Ages and Periods in English Literature

 

Ages and Periods in English Literature

Literature is much like fine arts like music, dance, sculpture, painting and so on. The basic purpose of literature is to give aesthetic pleasure through its historic implicitly and explicitly natural words with its beauty of artistic notions.

When we study the history of English literature from the earliest to modern times, we find that it has passed through certain definite phases, each having marked with its particular characteristics. These phases may be termed ages or periods. Which are named after certainly some central literary figures or famous rulers of England. like in English literature, the age of Shakespeare is known as Shakespeare’s age, Jacobean age, Elizabethan age, the age of Dryden, pope’s age the most famous and literary figure among all is the age of Chaucer’s that is embedded with its historical practices of writing. Furthermore, we have the age of Wordsworth, Johnson, Dryden, Milton, Tennyson and hardy as well.

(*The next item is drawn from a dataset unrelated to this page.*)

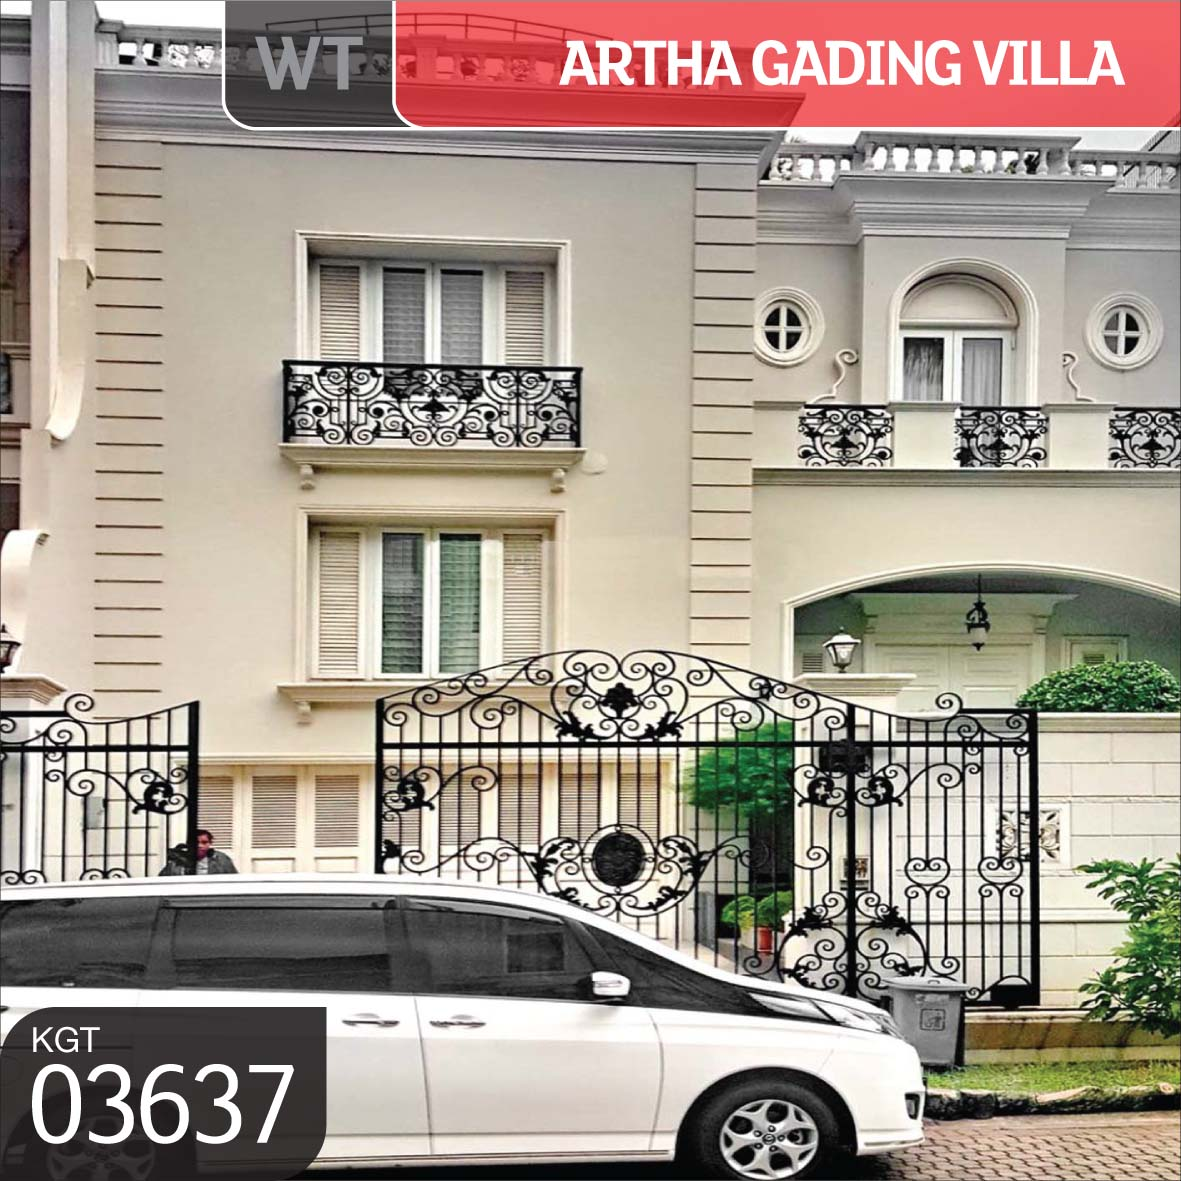 Kgt 03637 Wt For Sale Jual Rumah Artha Gading Villa Kelapa Gading Jakarta Utara Lj Hooker Kgt The Home Of Real Estate

We have the Jacobean period, the age of Queen Annette Georgian period and the Victorian age as well.

Some of the ages are named after some literary movements, as the;

Classical age

The romantic age

While others are named of some historical eras;

Medieval period

Anglo Saxon period

Anglo-Norman period

These literary phases are also named after some literary historians after the centuries like;

Seventeenth-century literature

Eighteenth-century literature

Nineteenth-century literature

Twentieth-century literature

To review it back the phases and periods both naturally overlap each other, and they are not strictly followed, but it is very important to keep them in mind to follow the various characteristics, features, the growth of English literature and especially its distinctions during the various periods of its developments.

To sum up this discussion we are evidence of the literary phenomenon that it takes several of its forms and faces to enhance its quality of being done by professional to stand as the representative of its owner, age, period and at the same time for its different historical movements.